Отвернувшись от окна, Ницан некоторое время сосредоточенно смотрел на помятый листок бумаги. Нет, он решительно не понимал, чем же вчера вечером могло заинтересовать его это письмо. Разве что этнографическими подробностями жизни дикарей. Ницан помотал головой. Вряд ли сегодня ему удастся что-нибудь понять. Лучше заняться бумагами на свежую голову.
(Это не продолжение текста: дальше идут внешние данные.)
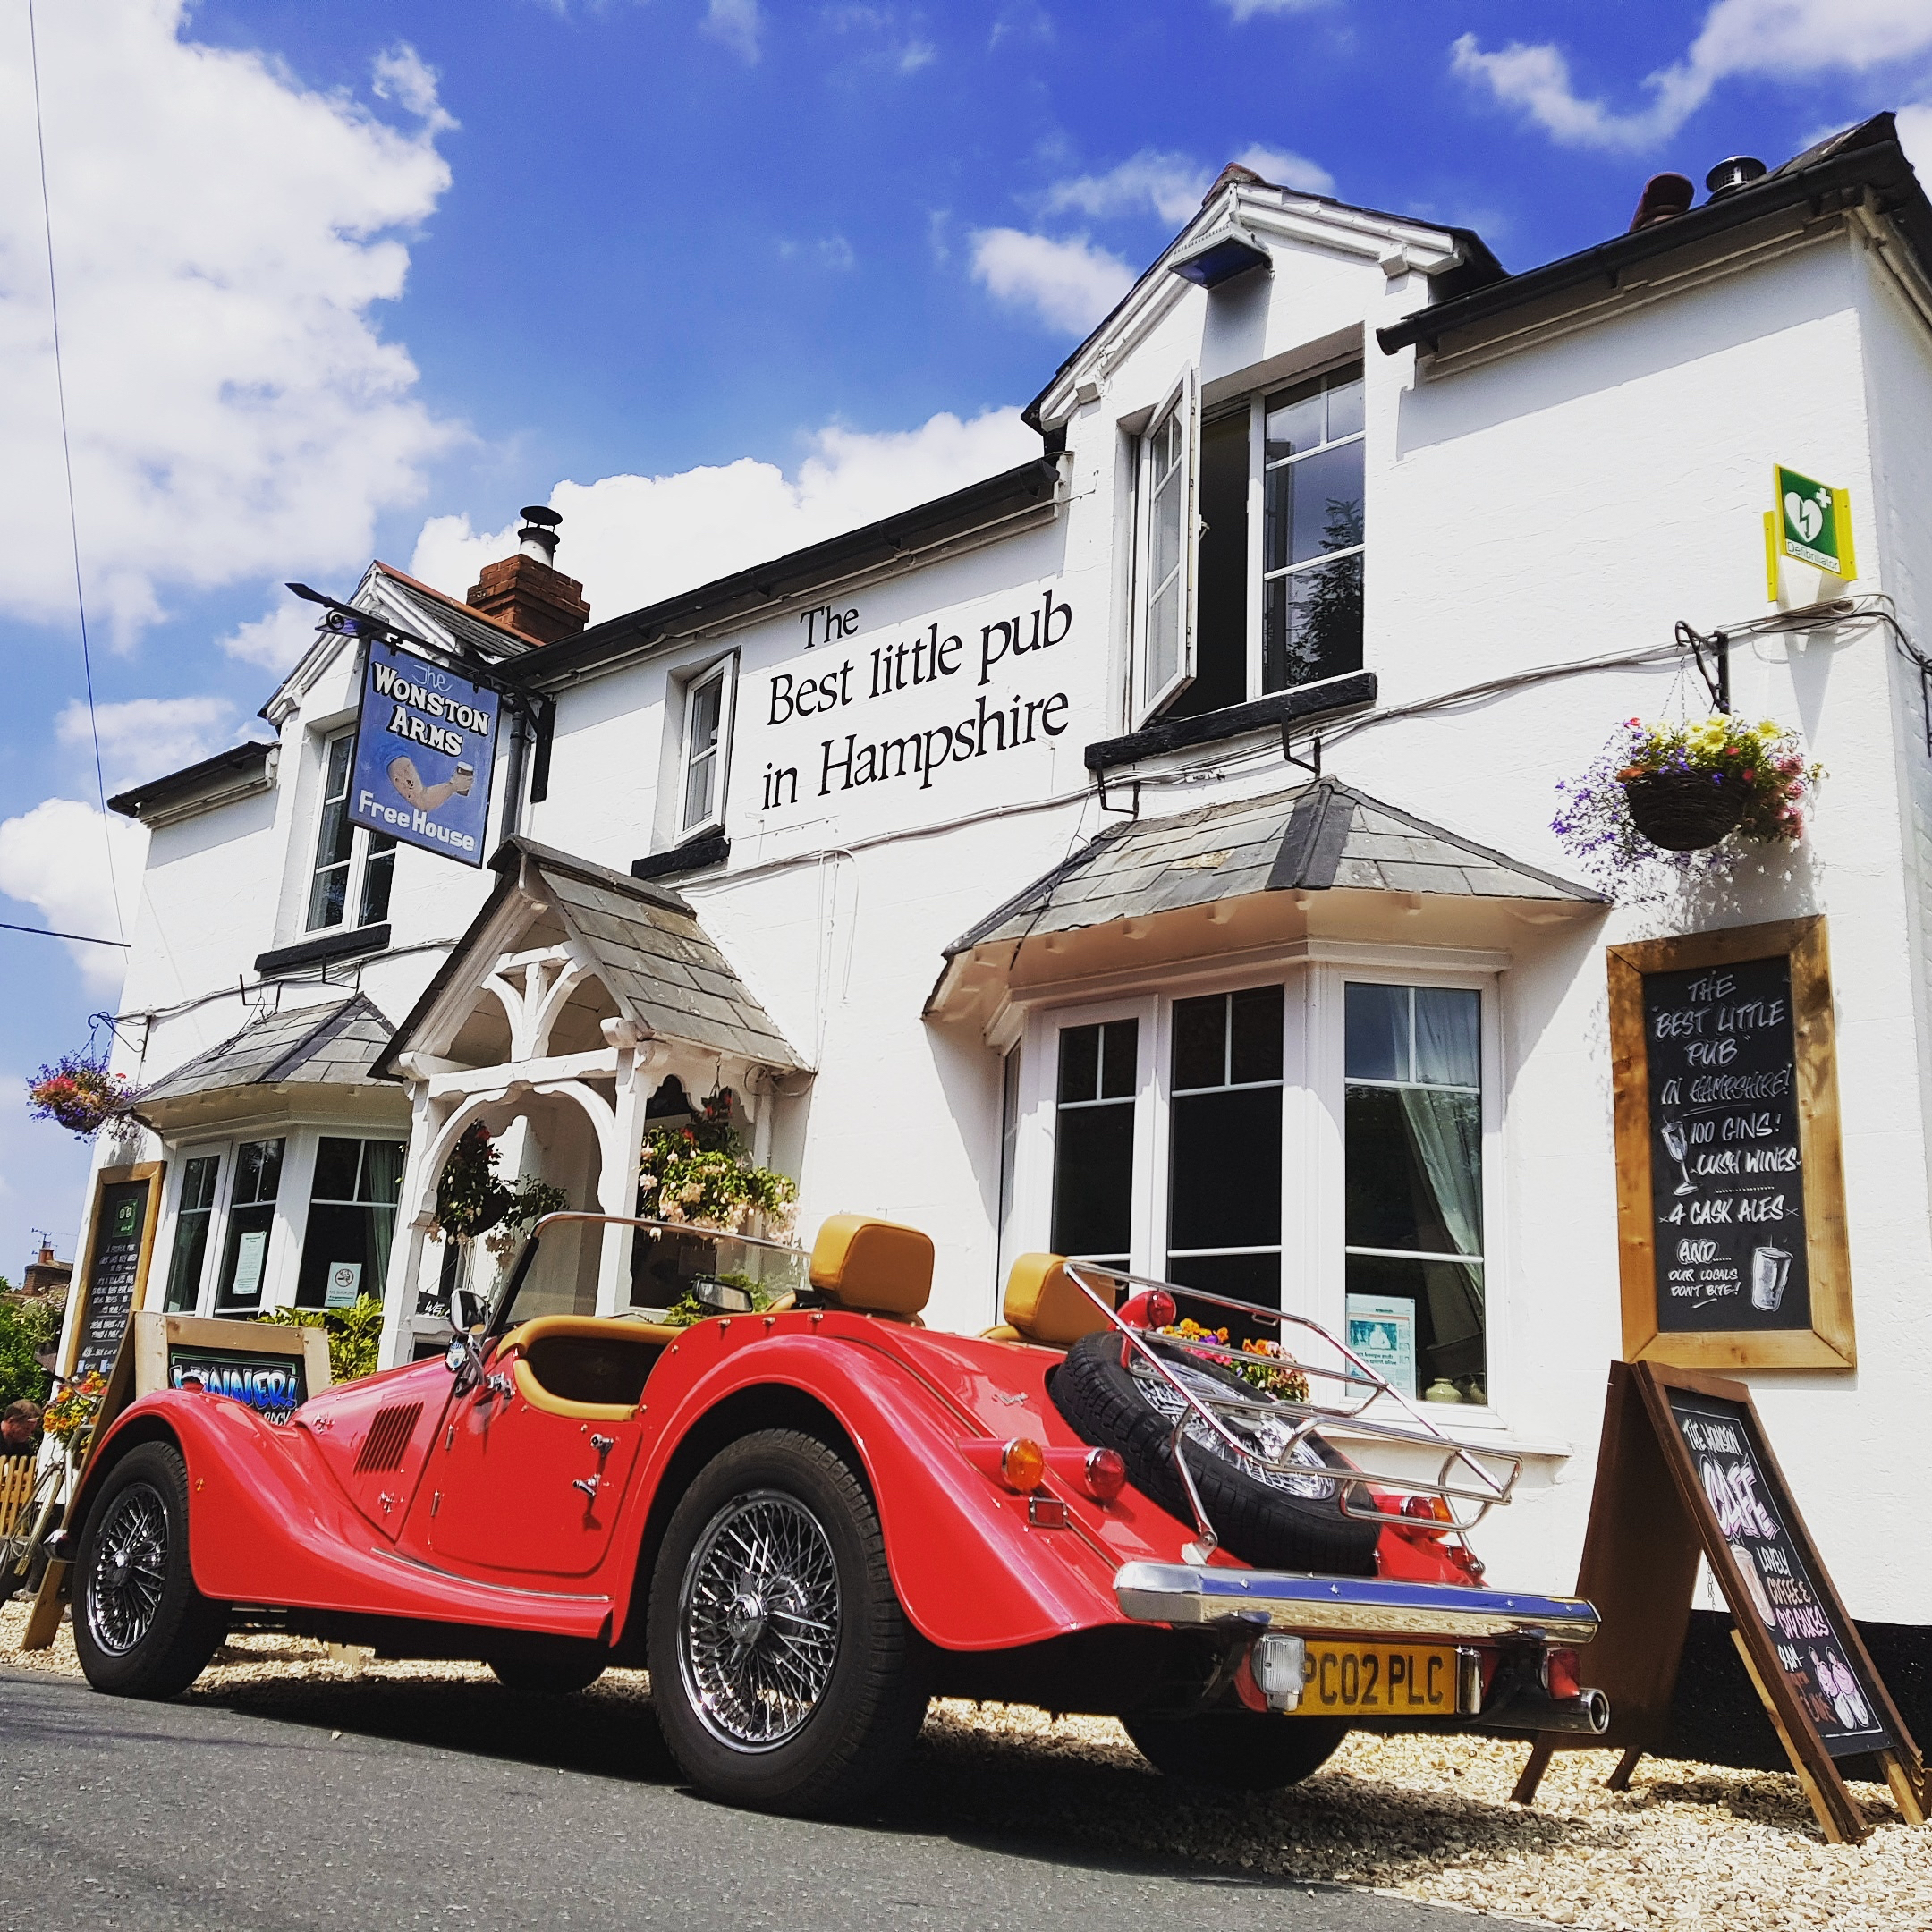 The Wonston Arms was CAMRA pub of the year in 2018

Он зевнул, провел рукой по щетине, покрывавшей щеки. Сердито подумал о девеке, вселившемся в зеркало и теперь лишившем его возможности хоть как-то приводить в порядок внешность. Ницан подошел к разобранной постели. Недавние бурные события изрядно его утомили. К тому же во рту, за исключением выпивки и утреннего стакана горячего молока, маковой росинки не было. Умник откуда-то из Небытия извлек по просьбе хозяина парочку вполне съедобных бутербродов. Поужинав, Ницан погасил свет, бухнулся на продавленную лежанку и закрыл глаза. В расслабленном сознании завертелся калейдоскоп происшедшего за сегодняшний день. То перед внутренним взором сыщика появлялась монументальная фигура Баалат-Гебал, почему-то увенчанная бараньей короной Анат-Яху, то растрепанная борода мага-эксперта разрасталась до космических размеров, то случайный таксист проносился мимо верхом на статуе шеду, то Нурсаг представала в облике, в котором встретила когда-то его: испуганной девчонкой, сбежавшей из Западного Дома Иштар и приторговывавшей контрабандной мелочью…
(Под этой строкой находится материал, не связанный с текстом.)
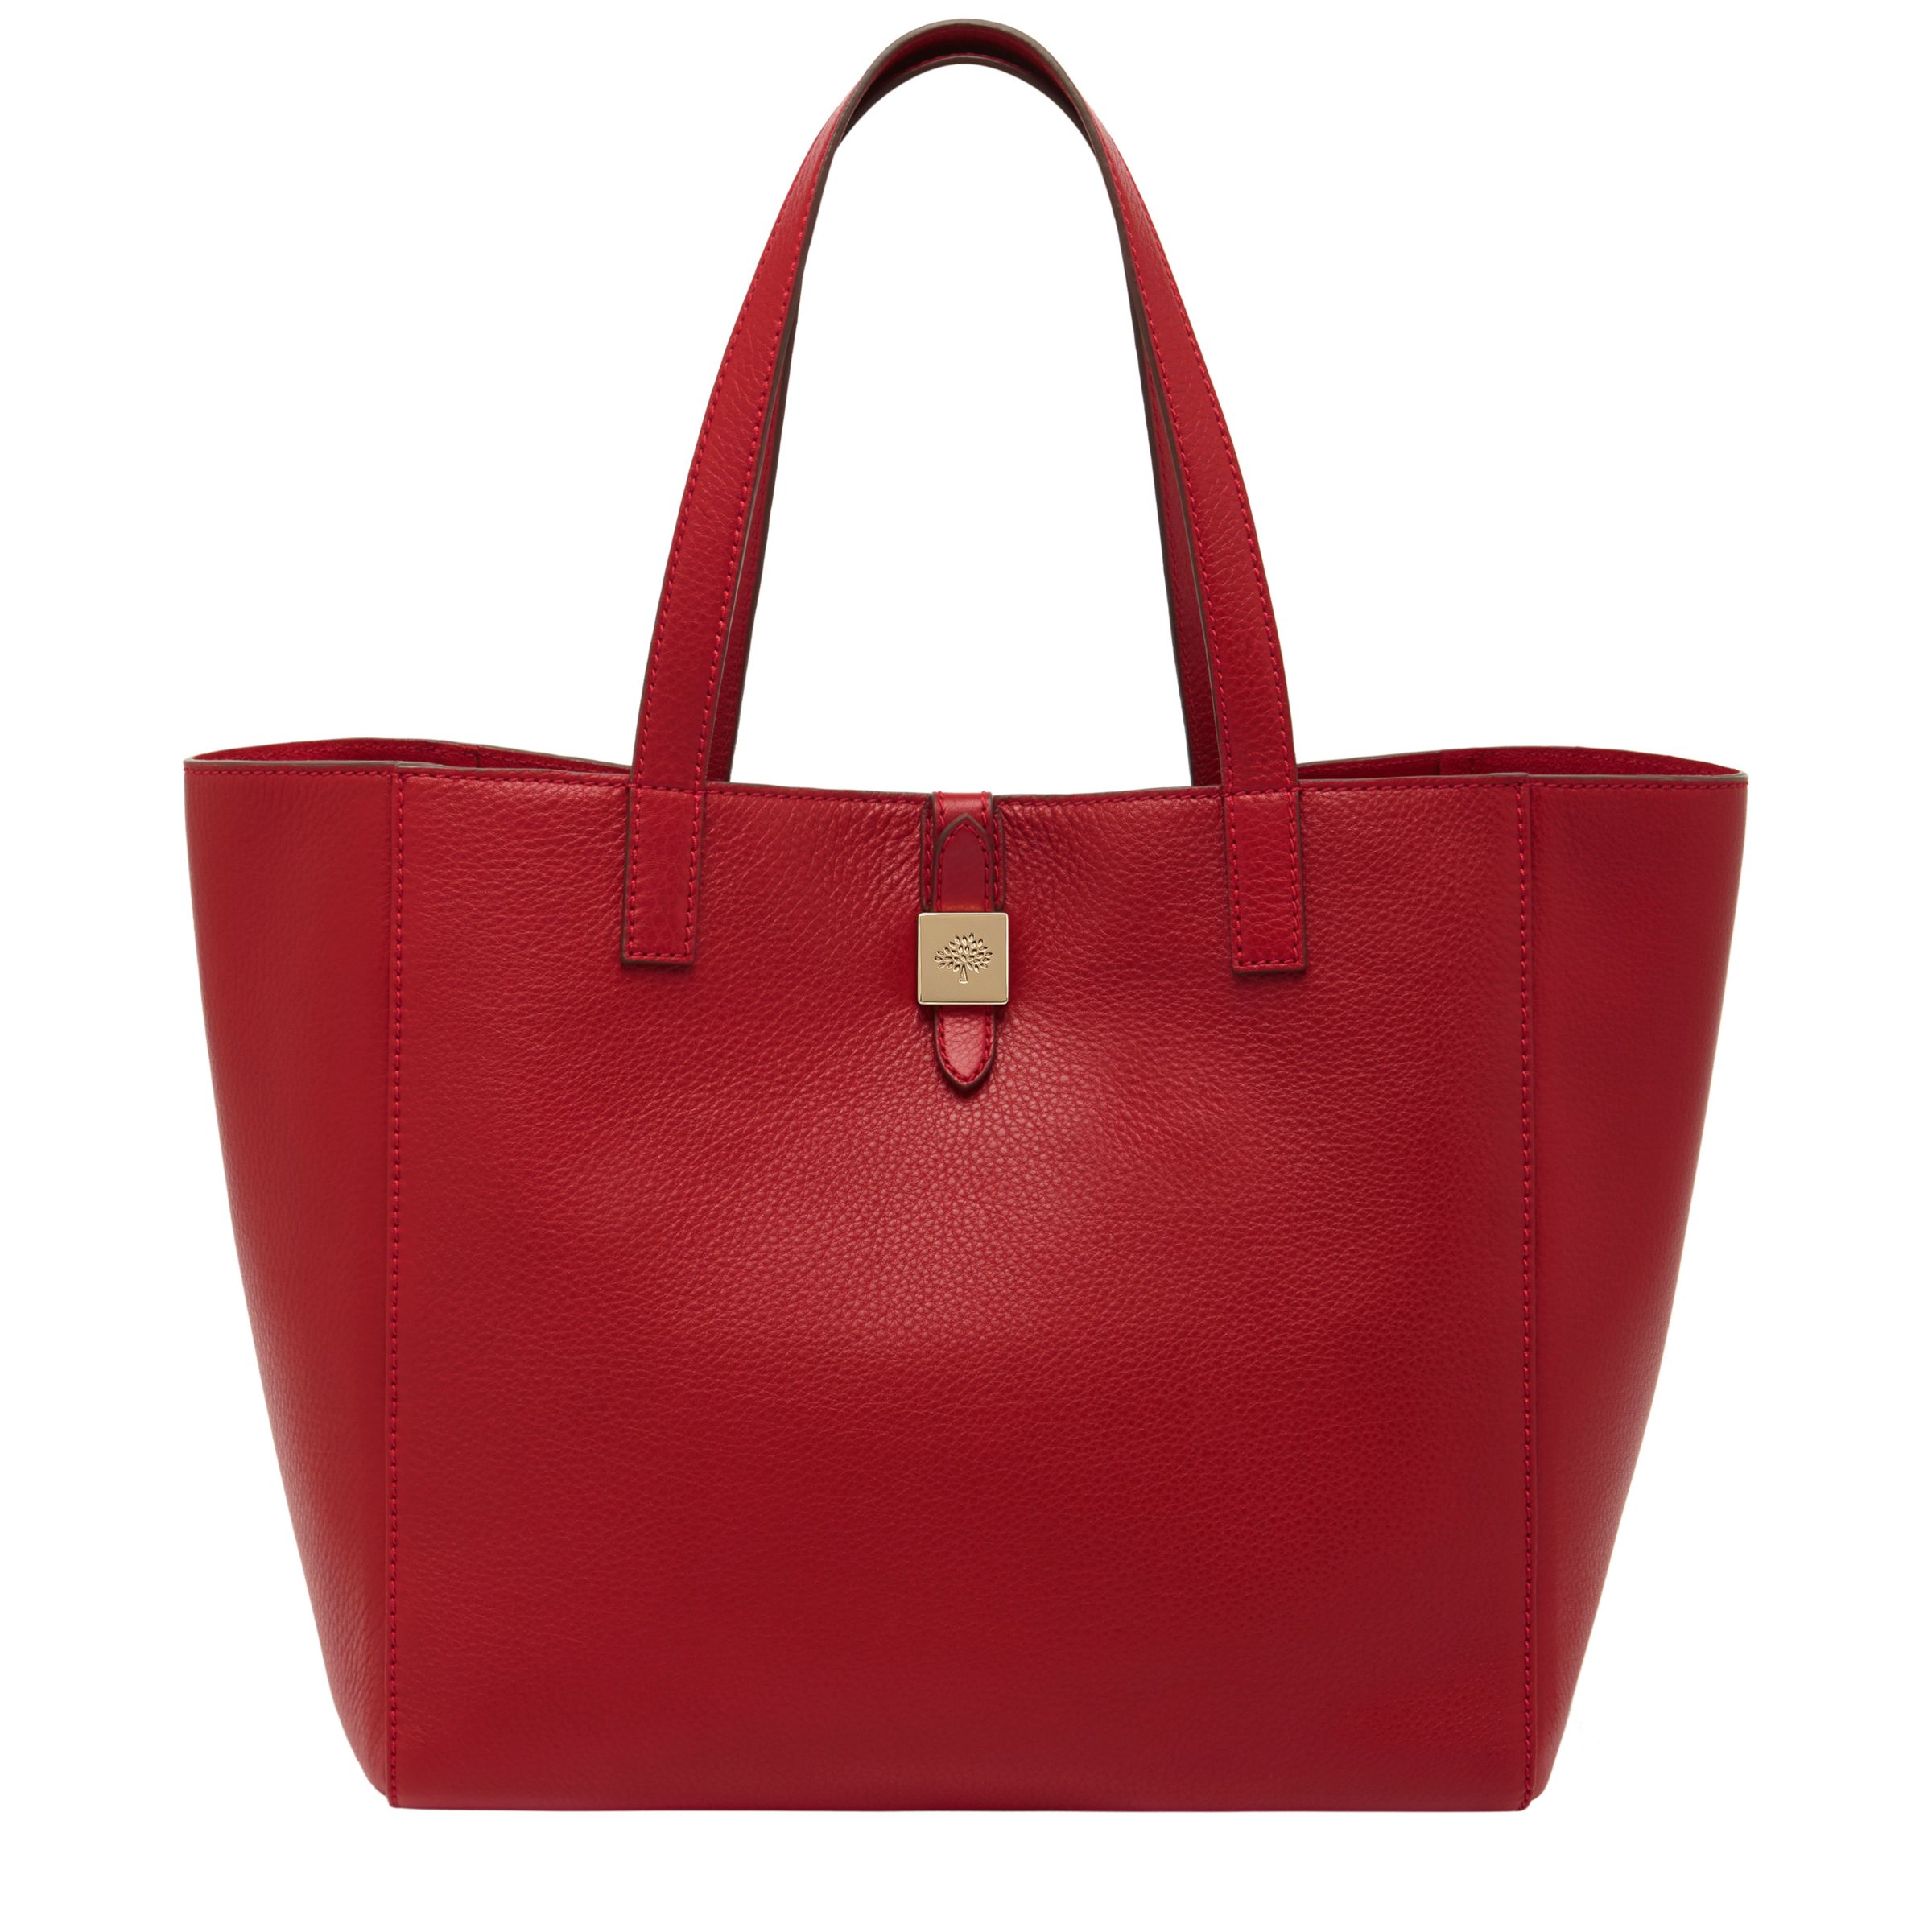 Mulberry Tessie Leather Tote Bag, Poppy

Настоящий глубокий сон все не приходил — только смутная полудрема. Ницан приподнялся и сел на лежанке. В комнате было темно, только в правом углу, на куче старой одежды и прочего хлама слабо фосфоресцировало небольшое овальной формы пятно — там спал Умник. Сыщик с хрустом потянулся, подошел к столу, зажег светильник. По стенам побежали тени от колеблющегося пламени.

Письмо Шошаны Шульги по-прежнему лежало на столе. И вновь Ницан перечитал его. На этот раз последний абзац вызвал у него смутные ассоциации. Он отодвинул в сторону недопитый стакан, извлек из кармана висевшей на стуле куртки прихваченные от Баалат-Гебал финансовые отчеты. Углубившись в изучение бумаг, Ницан вскоре почувствовал, как цифры начинают прыгать перед глазами.

Его внимание привлекла одна строка в последнем отчете. Он почувствовал вдруг, что оказался близок если не к решению задачи, то по крайней мере к ее формулировке.

— А это уже кое-что, — пробормотал Ницан. — Умник, кажется, я что-то нашел… Вот, обрати внимание: в позапрошлом месяце со счета нашей доброй знакомой госпожи Баалат-Гебал снята кругленькая сумма в десять тысяч новых шекелей. То есть, в сто пятьдесят тысяч старых. Приличные деньги, а?

Проснувшийся Умник согласился, причем на его сонной мордочке появилось выражение растерянности: то ли выразить свое согласие обычным способом — полным стаканом, — то ли воздержаться.

— Тперь слушай дальше, — сказал Ницан, откинувшись на спинку стула и уставившись в темный потолок. — В отчете указано, на что эти деньги потрачены. А потрачены они, оказывается, на лекарства и продукты для благотворительного фонда младшей сестры нашей с тобой приятельницы — чокнутой Шошаны, удравшей от родственничков в дикую Грецию, в какую-то деревню Яван и нянчащуюся там с местными дикарями, коих она пытается перевоспитывать и просвещать.

Умник постоял несколько секунд на голове, потом вернулся в исходное состояние и воздел к небу крохотные лапки.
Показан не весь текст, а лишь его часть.